No Conte, è qui che ti sbagli. Quando si è una coppia le cose sono NOSTRE. Altrimenti si è due persone single che per comodità vivono insieme.Comunque quando è successo a me, di confessare, non l'ho fatto certo per istigare. Non sarei riuscita a guardarlo negli occhi senza dirglielo. E quel tradimento non era una cosa mia, ma NOSTRA, appunto.


----------



## MK (30 Novembre 2010)

Chiara Matraini ha detto:


> Ma guarda che scopare con gli altri non significa dare del coglione al proprio partner ufficiale..... si tratta solo di amore per la _varietas_.
> 
> E poi mi sembra di averti già spiegato che mio marito è il numero uno, trattato come un re.


Ma non è faticoso?


----------



## Chiara Matraini (30 Novembre 2010)

MK ha detto:


> Ma non è faticoso?


Dipende da come lo fai e con chi lo fai....
per me è rilassante.

Del resto mi è già successo di troncare tutto quando la cosa rischiava di farmi perdere la tranquillità.


----------



## MK (30 Novembre 2010)

Chiara Matraini ha detto:


> Dipende da come lo fai e con chi lo fai....
> per me è rilassante.
> 
> Del resto mi è già successo di troncare tutto quando la cosa rischiava di farmi perdere la tranquillità.


Beh essere al top col marito e poi con l'amante (o gli amanti) per me sarebbe faticoso. E tutto il resto come si fa a gestirlo? No no, non fa proprio per me .


----------



## Chiara Matraini (30 Novembre 2010)

MK ha detto:


> Beh essere al top col marito e poi con l'amante (o gli amanti) per me sarebbe faticoso. E tutto il resto come si fa a gestirlo? No no, non fa proprio per me .

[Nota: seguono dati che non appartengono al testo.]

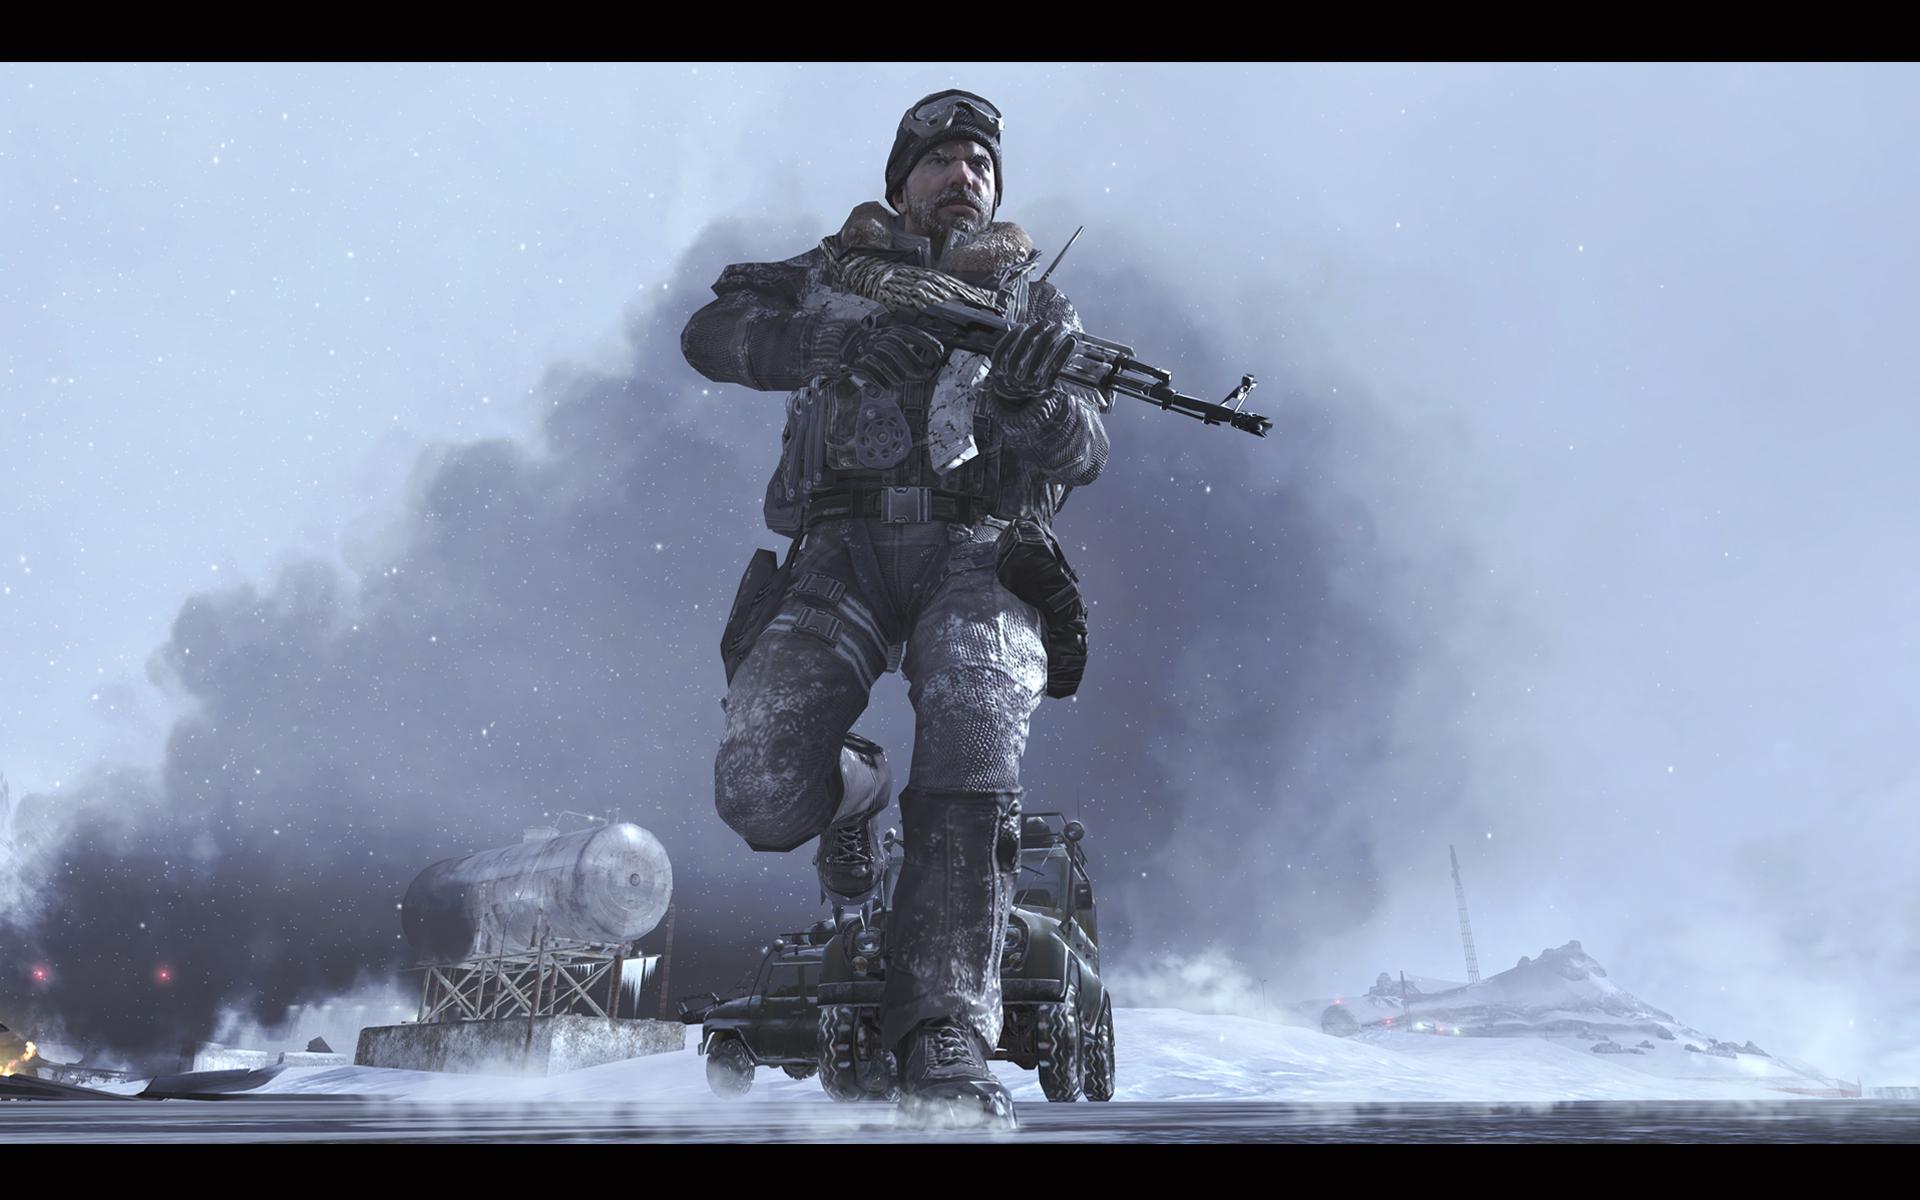 Call of duty modern warfare 2 wallpaper - Call of duty warfare wallpaper ...

Infatti non è obbligatorio, è una scelta.
Io non consiglio a nessuno il tradimento.
A me è successo di passare una bellissima giornata(.....) con mio marito e di passare un'altrettanto bellissima serata (.....) con un amico.
Tu fai benissimo a scegliere quello che è più indicato per il tuo benessere.


----------



## Mari' (30 Novembre 2010)

*Una volta e per sempre*



contepinceton ha detto:


> *Mi fa piacere contessa...che tu abbia colto la gravità della situazione...lo perdoni...ogni corte ha il suo giullare!*
> Lui è così e ci tocca tenercelo così...
> A meno che...lui non incontri una donna che lo faccia rinsavire. eh?
> QUesta qua, dovrebbe farlo innamorare convincendolo di essere la più casta e pura...
> ...


Senti signor Pincetone, hai rotto il cazzo tu ed il tuo reame ... qui siete fuori luogo, qui vige la repubblica, su sti titoli del cazzo ci si puo' scherzare di tanto in tanto e tu hai gia dato per anni e anni, mo basta.


Da quel che osservo, la figura del giullare "giullare" la fai quasi sempre tu, ok?

_
Siamo seri _... vogliamo discutere sul modo come Daniele si confronta nel forum, Ci sto! 

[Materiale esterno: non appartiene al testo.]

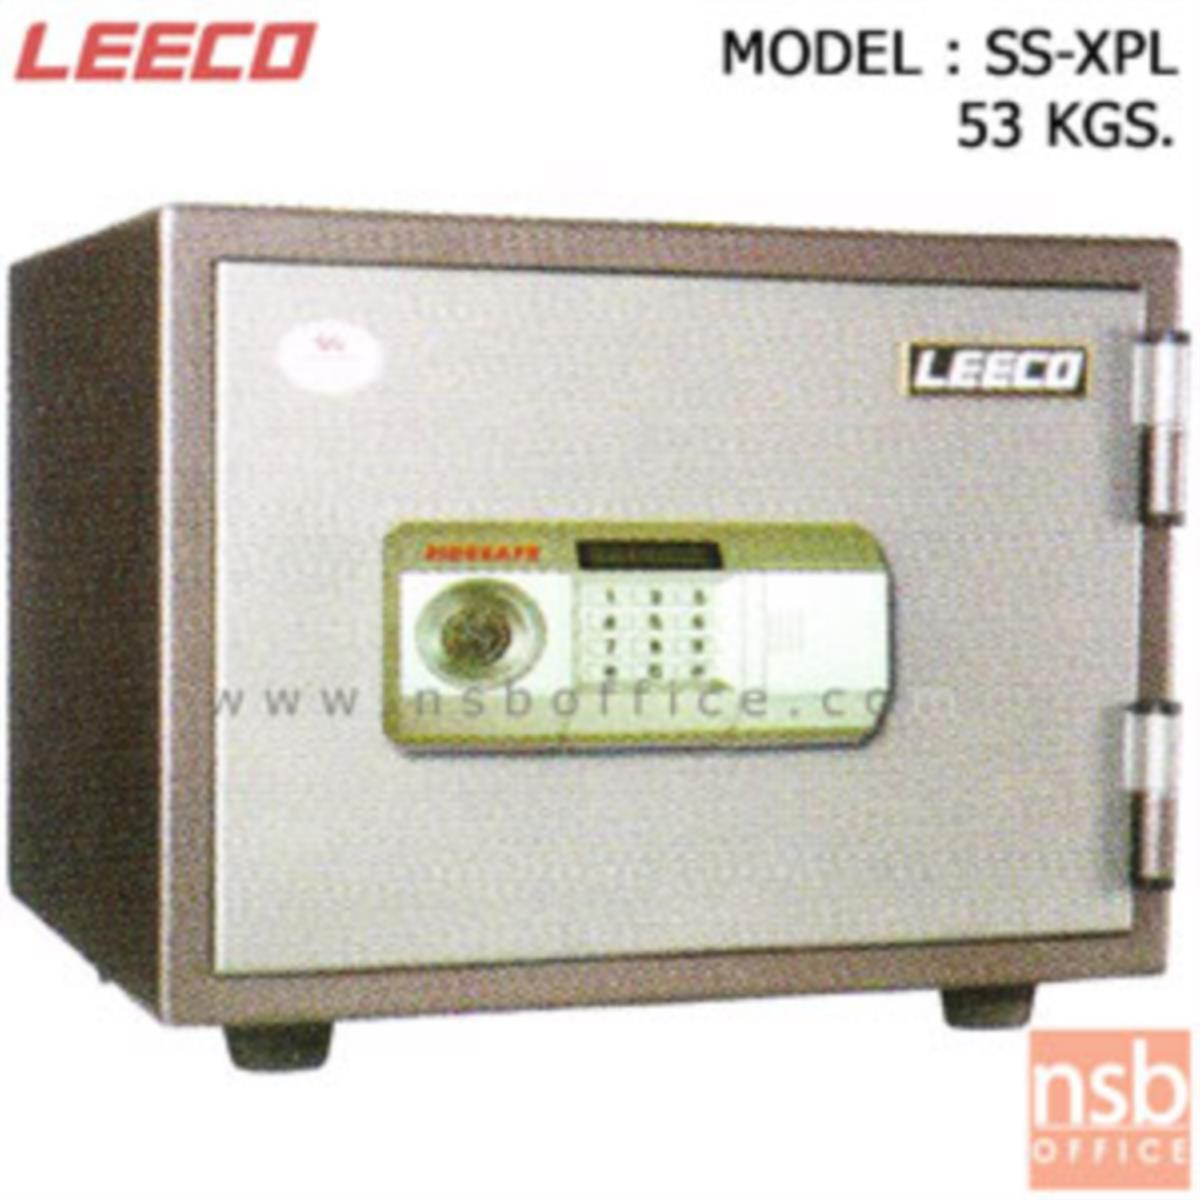 F03A002:ตู้เซฟดิจิตอล 53 กก. (1 รหัสกด / 1 ปุ่มหมุนบิด) LEECO SS-XPL

Ma prenderlo in giro in questo modo, in modo sprezzante, come se qualcuno fosse superiore o migliore di lui, NO, non ci sto.



PS Chiara, ti reputo una donna intelligente, non deludermi.


----------



## Mari' (30 Novembre 2010)

Chiara Matraini ha detto:


> Ma guarda che scopare con gli altri non significa dare del coglione al proprio partner ufficiale..... si tratta solo di amore per la  _varietas_.
> 
> E poi mi sembra di averti già spiegato che mio marito è il numero uno, trattato come un re.

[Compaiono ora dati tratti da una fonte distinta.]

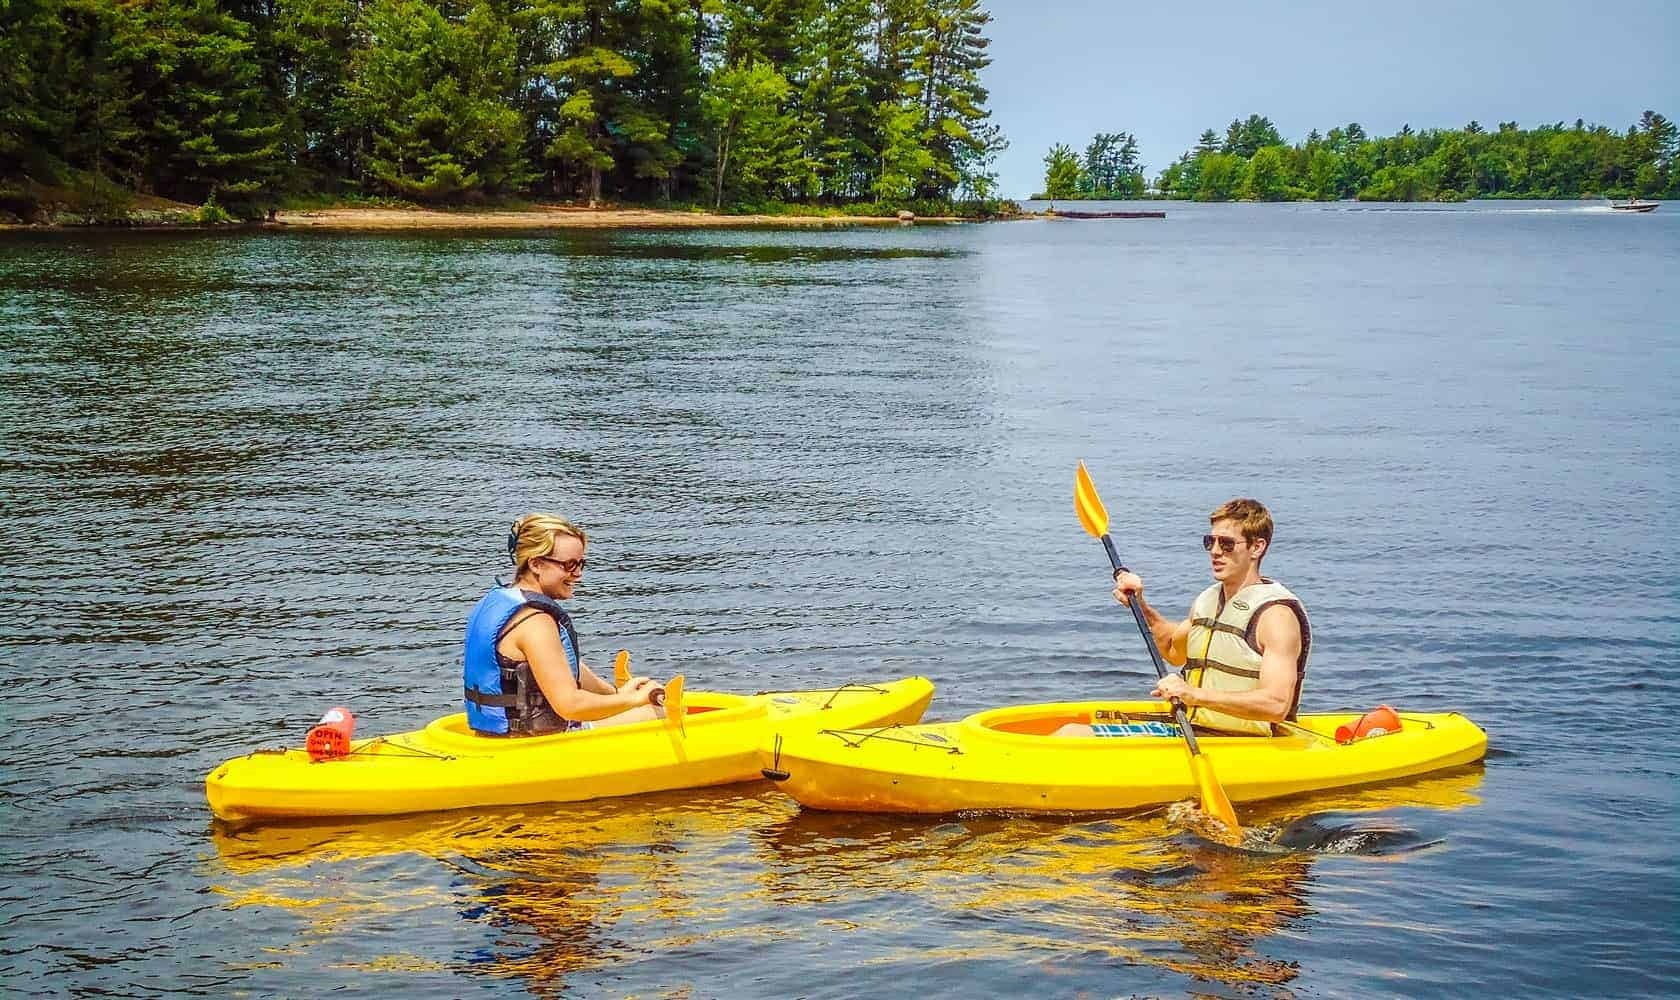 Summer Fun - Kayaks

Chiara, se ti comporti in questo modo, alle spalle di tuo marito  ... ci vuole poco all'immaginazione, se poi siete una "coppia aperta", la storia cambia ... siete liberi di comportarvi come meglio credete, non fotte un cazzo a nessuno, o quasi.


----------



## Chiara Matraini (30 Novembre 2010)

Mari' ha detto:


> Chiara, se ti comporti in questo modo con tuo alle spalle di tuo marito  ... ci vuole poco all'immaginazione, se poi siete una "coppia aperta", la storia cambia ... siete liberi di comportarvi come meglio credete, non fotte un cazzo a nessuno, o quasi.


Marì, hai ragione.

Nessuno vuole prendere in giro Daniele.
Al limite si cerca di alleggerire il clima che crea con i suoi interventi.
Del resto lui imperversa quando e come vuole, e ricordo che certi utenti sono stati bannati per interventi che non avevano nemmeno un decimo della portata oscena dei suoi.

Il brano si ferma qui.